ECONOMY: Gross National Product; USD $4,776,000,000 (1993). Public Debt; USD $1,704,000,000 (1993). Imports; TTD $7,495,000,000 (1993). Exports; TTD $8,801,000,000 (1993). Tourism Receipts; USD $80,000,000 (1993). Balance of Trade; TTD $4,354,000,000 (1994). Economically Active Population; 504,500 or 40.5% of total population (1993). Unemployed; 19.8% (1993).

MAIN TRADING PARTNERS: Its main trading partners are the USA, the EU and CARICOM countries.

MAIN PRIMARY PRODUCTS: Asphalt, Bananas, Citrus Fruits, Cocoa, Coffee, Oil and Natural Gas, Rice, Sugar.

MAJOR INDUSTRIES: Agriculture, Cement, Fertilizers, Food Processing, Oil and Natural Gas Production and Refining, Paints, Plastics, Steel, Tourism.

MAIN EXPORTS: Chemicals, Cocoa, Coffee, Crude Oil, Fruit, Petroleum

TRANSPORT: Railroads; nil. Roads; length 7,900 km (4,909 mi) (1985). Vehicles; cars 269,238 (1989), trucks and buses 68,759 (1989). Merchant Marine; vessels 49 (1990), deadweight tonnage 12,549 (1990). Air Transport; passenger-km 2,691,000,000 (1,672,000,000 passenger-mi) (1989), cargo ton-km 14,381,000 (9,850,000 short ton-mi) (1989).

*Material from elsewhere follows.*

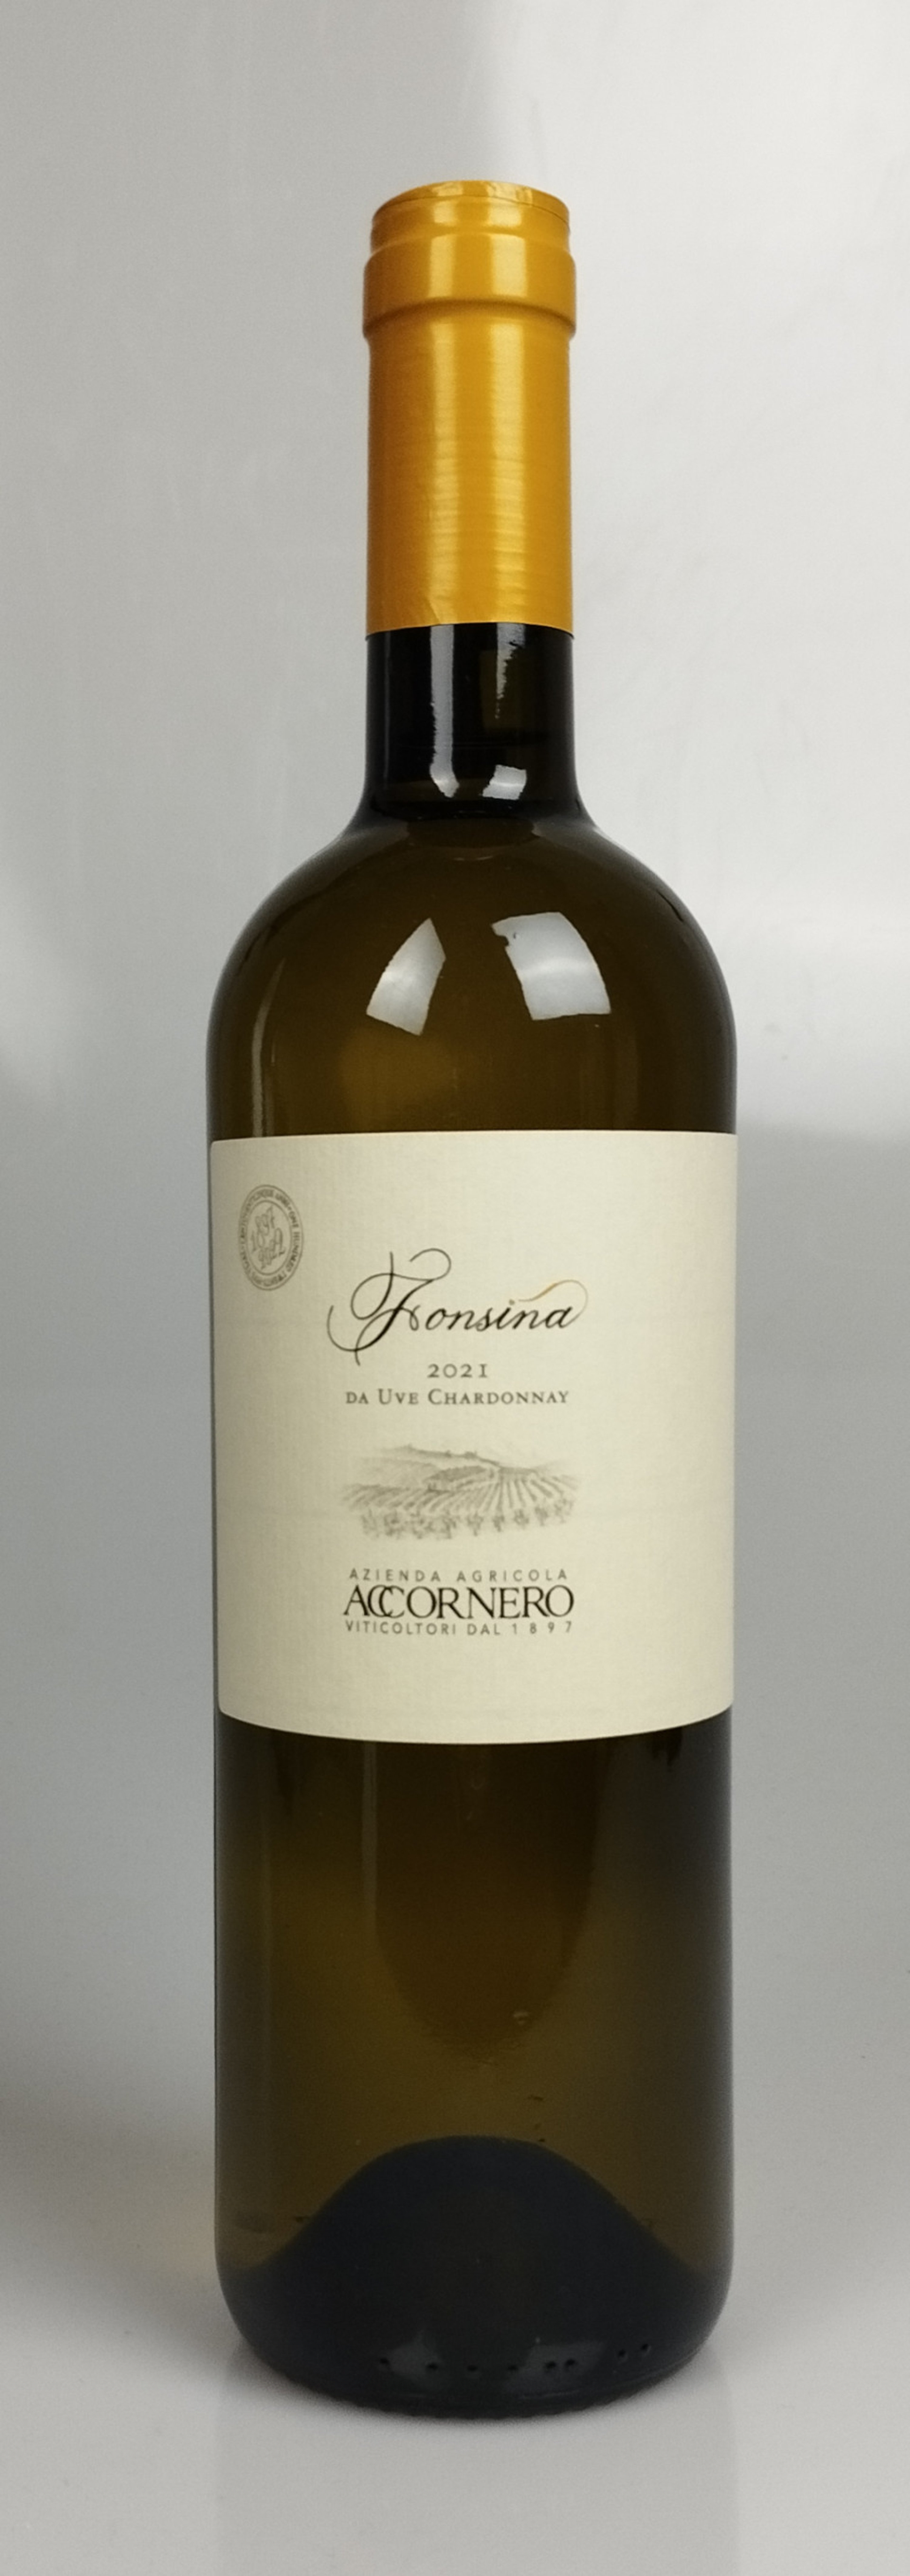 Wein Accornero Fonsina Monferrato Bianco DOC 2021

COMMUNICATIONS: Daily Newspapers; total of 3 with a total circulation of 96,000 (1990). Radio; receivers 700,000 (1993). Television; receivers 250,000 (1993). Telephones; units 192,500 (1993).

MILITARY: 2,600 (1994) total active duty personnel with 76.9% army and 23.1% coast guard while military expenditure accounts for 1.8% (1993) of the Gross National Product (GNP).